Chapter 5. The Many Voices of Destiny

Chapter 5. The Many Voices of Destiny

Science has steadily pulled back from the fullness of our experience, contracting into a subtle and pinched search for reliable mechanisms, abstract and remote. In the face of this science, it is difficult to hold onto any conviction that we bring a resolve or task or destiny with us to earth and that we converse with this destiny through all the circumstances of our lives. Such intimations of destiny as we may encounter almost inevitably fade toward the indistinct margins of our existence. Or else they erupt into flaky theories all the more understandable given that the prevailing science, with its necessary discipline, has abandoned the field.

It's not much use arguing for or against any notion of destiny in general terms.
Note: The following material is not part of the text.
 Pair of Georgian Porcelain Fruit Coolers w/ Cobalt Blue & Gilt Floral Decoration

All we can do is to look at our lives as fully and dispassionately as possible, ignoring nothing because of our presuppositions. Then we can try to hear what, if anything, speaks through the whole.
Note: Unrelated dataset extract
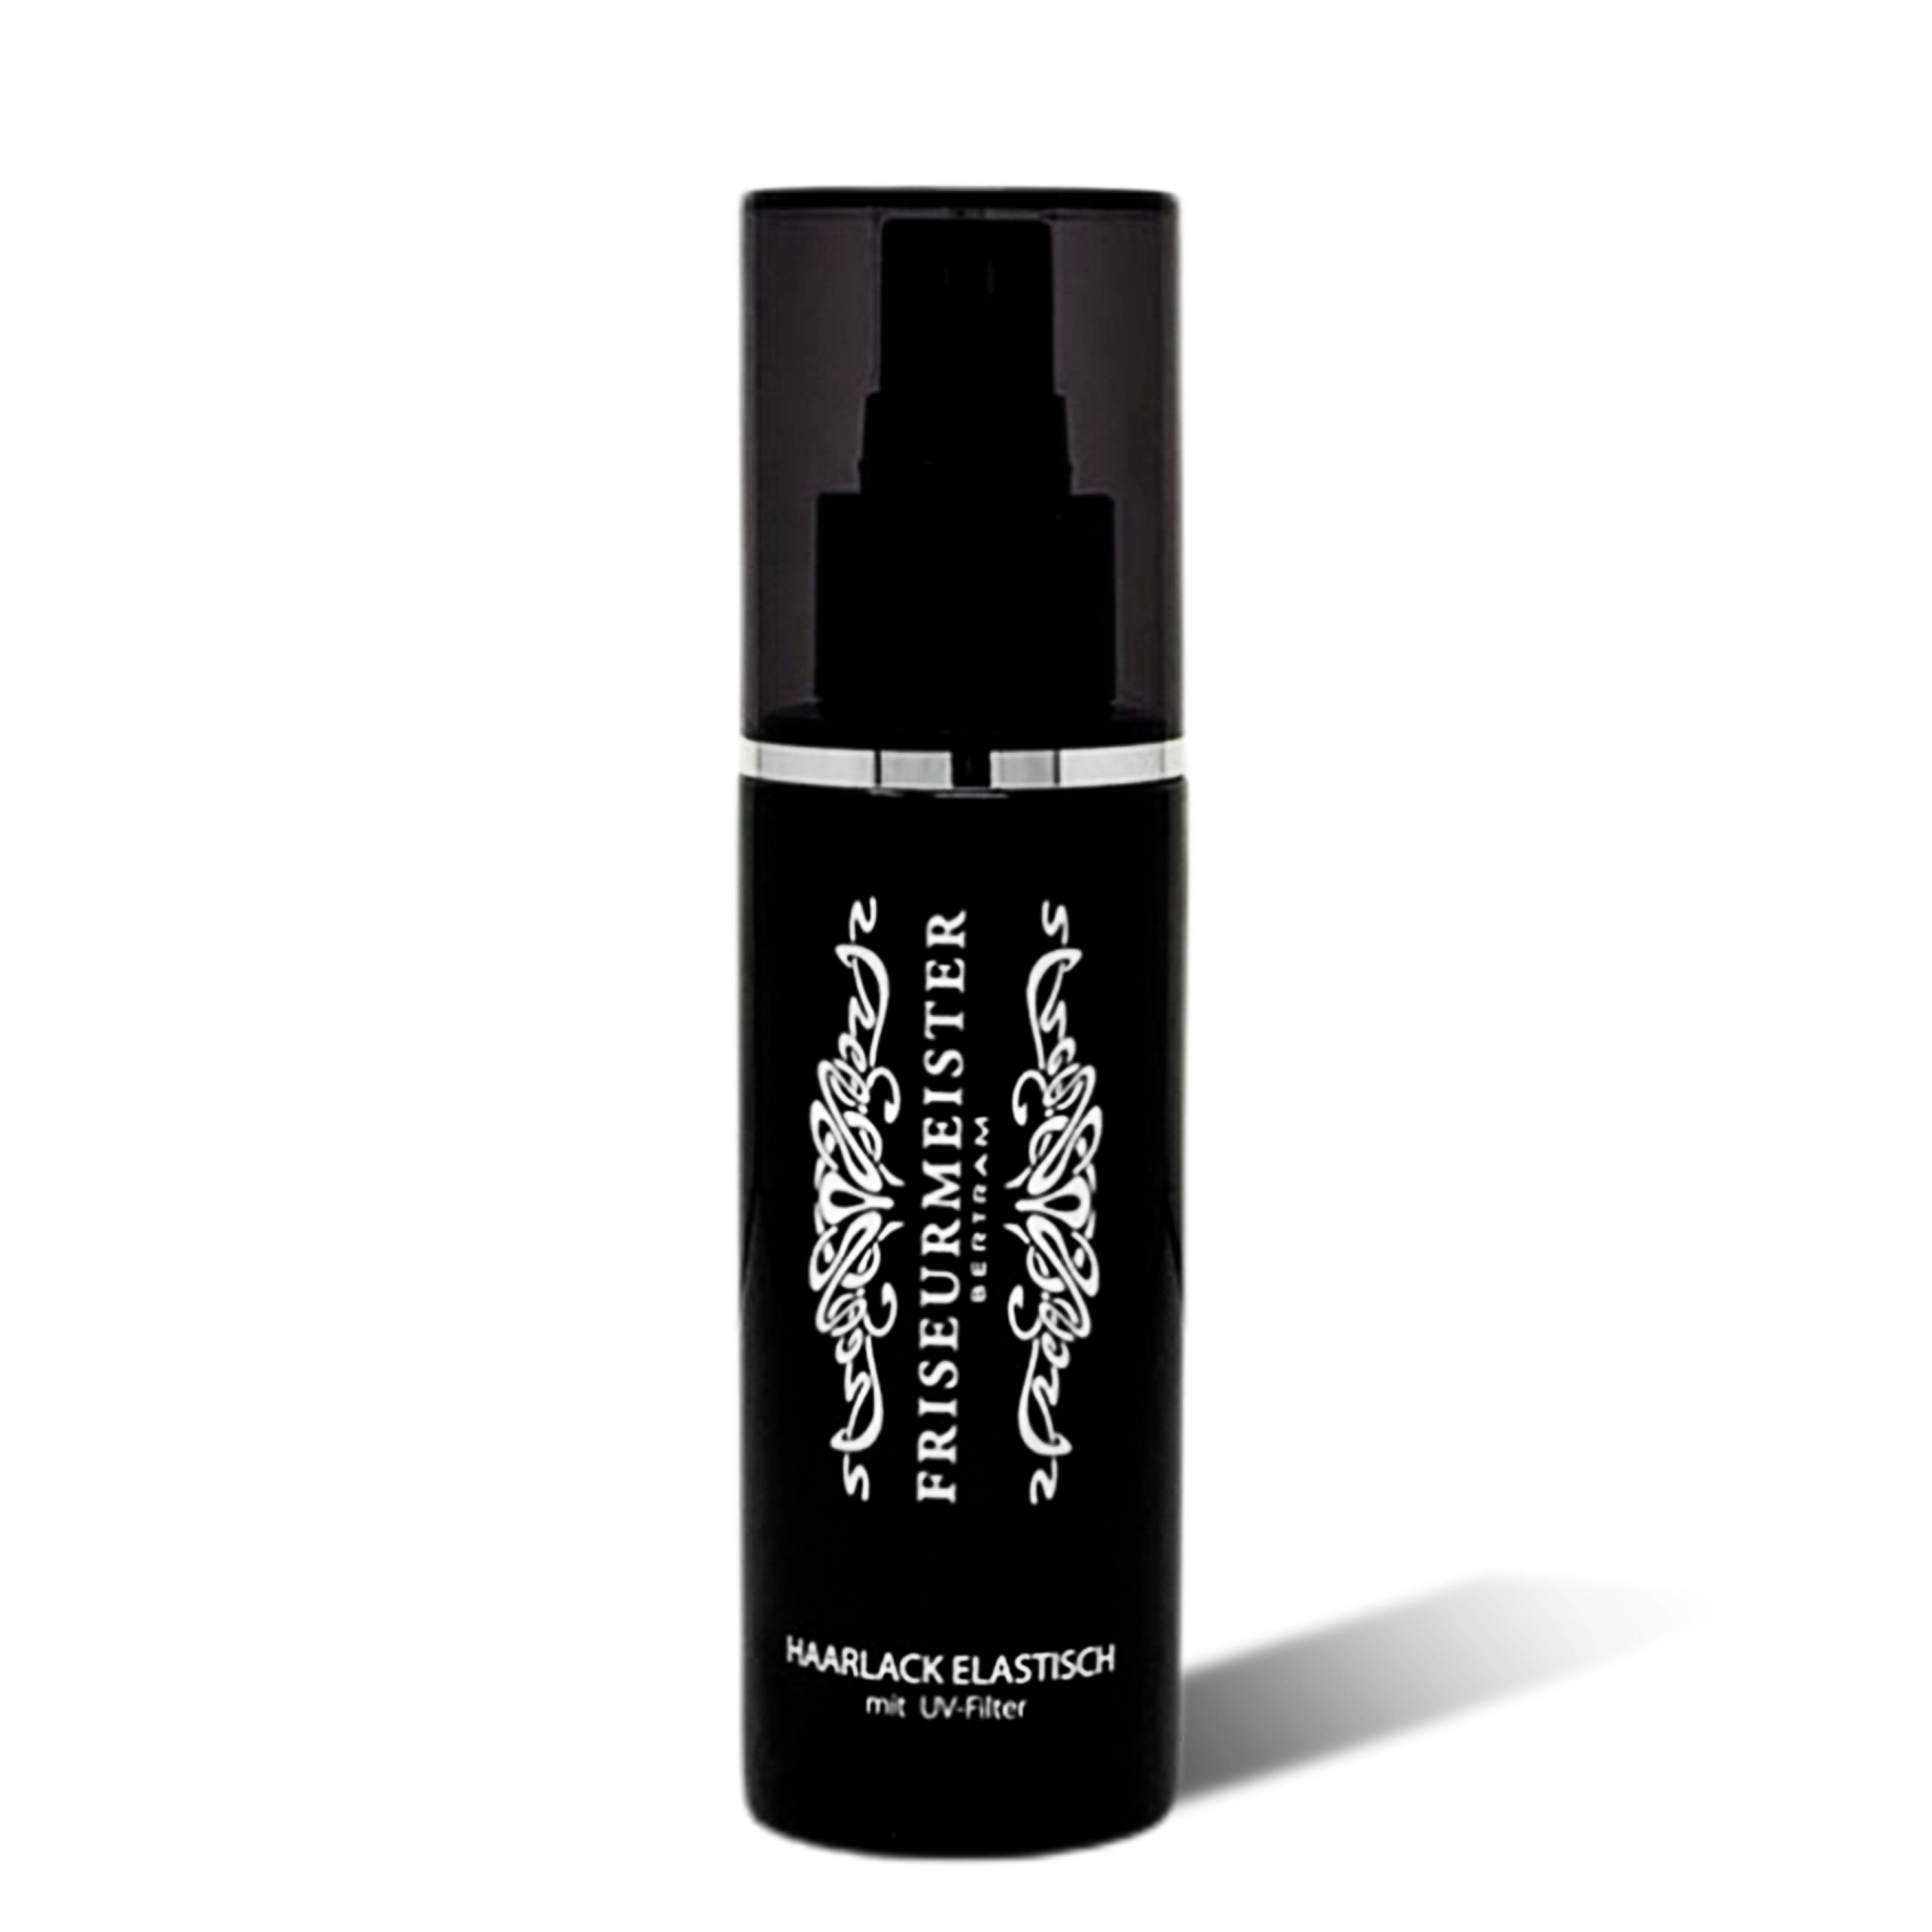 Friseurmeister Haarpflege-Spray Haarlack elastisch mit UV Filter 100ml - verhindert Nachfetten, Tägliche Haarpflege, leichte Kämmbarkeit, Schützt Ihr Haar vor Sonnenstrahlen

Or else look at someone else's life. We are offered such a life or, rather, a group of lives in a startling and best-selling book that came out several years ago, entitled Expecting Adam and written by Martha Beck, a bright young woman on the fast track to worldly success. What speaks through the characters in her real-life tale of unexpected destiny is powerful beyond words.

Beck had always felt revulsion in the presence of retarded people. This was still true when, in the aftermath of a nearly disastrous automobile accident, an obviously retarded passer-by looked her straight in the eye and said, "He's a good baby, ma'am. You take care of that baby."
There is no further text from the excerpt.